• [Exercise aim]: Using the material below, return exactly the lines between the one holding "Elevated view of" and the one holding "Several Flower Glass", inclusive, and no others.

Top of Input records

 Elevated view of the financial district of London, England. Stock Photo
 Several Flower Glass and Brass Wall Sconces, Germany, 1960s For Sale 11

Bottom of Input records
Top of Input records

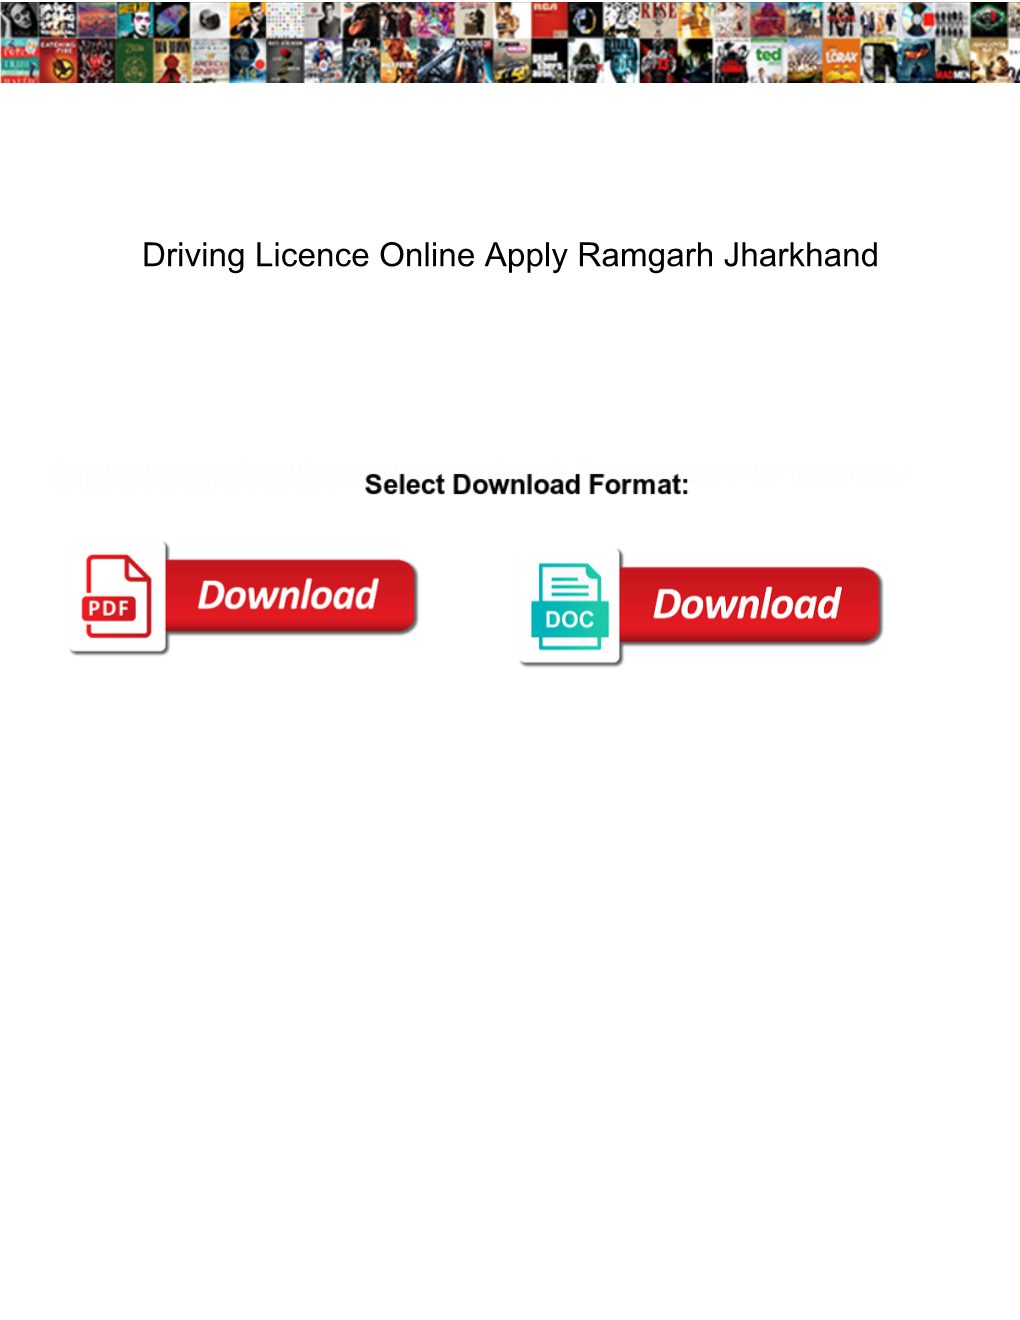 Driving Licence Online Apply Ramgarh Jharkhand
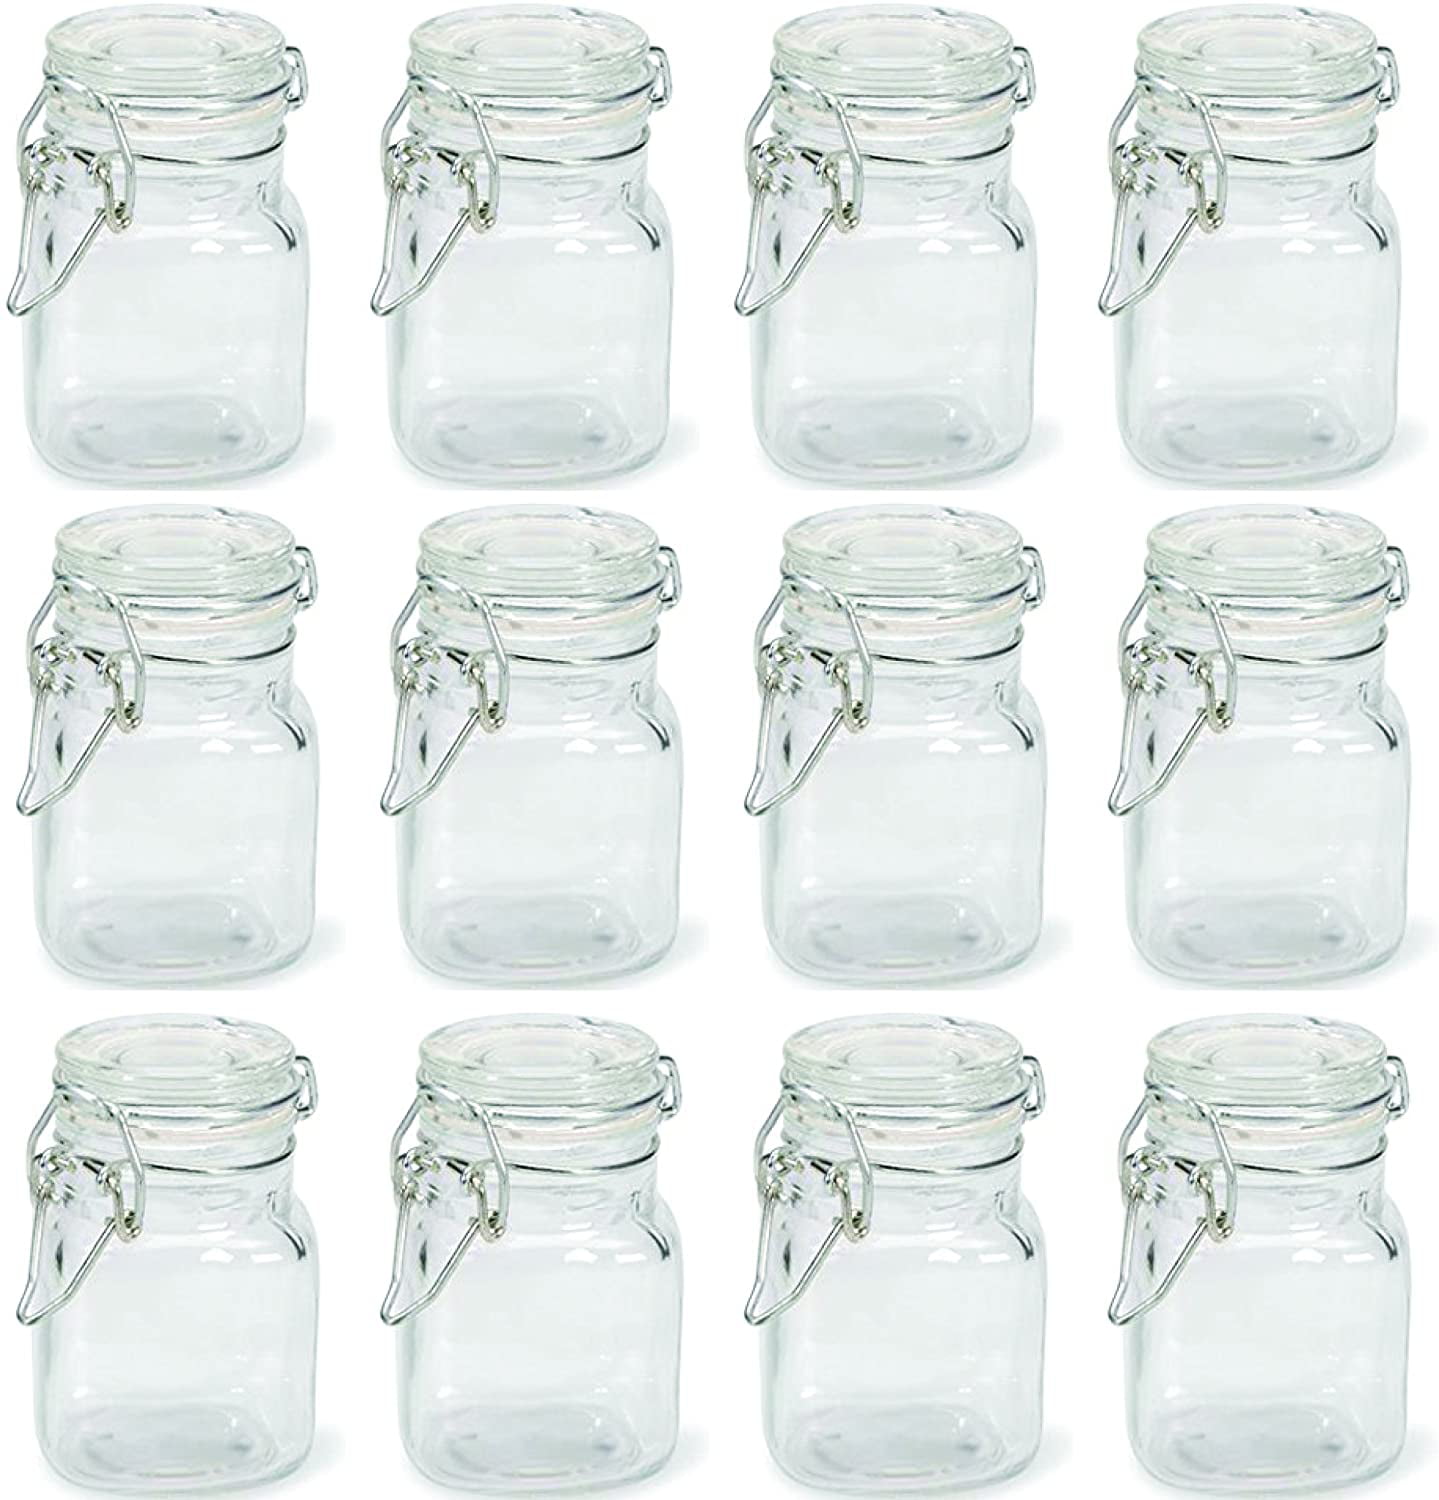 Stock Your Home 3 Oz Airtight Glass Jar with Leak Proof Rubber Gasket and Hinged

Bottom of Input records

• [Your solution]:
 Elevated view of the financial district of London, England. Stock Photo
 Several Flower Glass and Brass Wall Sconces, Germany, 1960s For Sale 11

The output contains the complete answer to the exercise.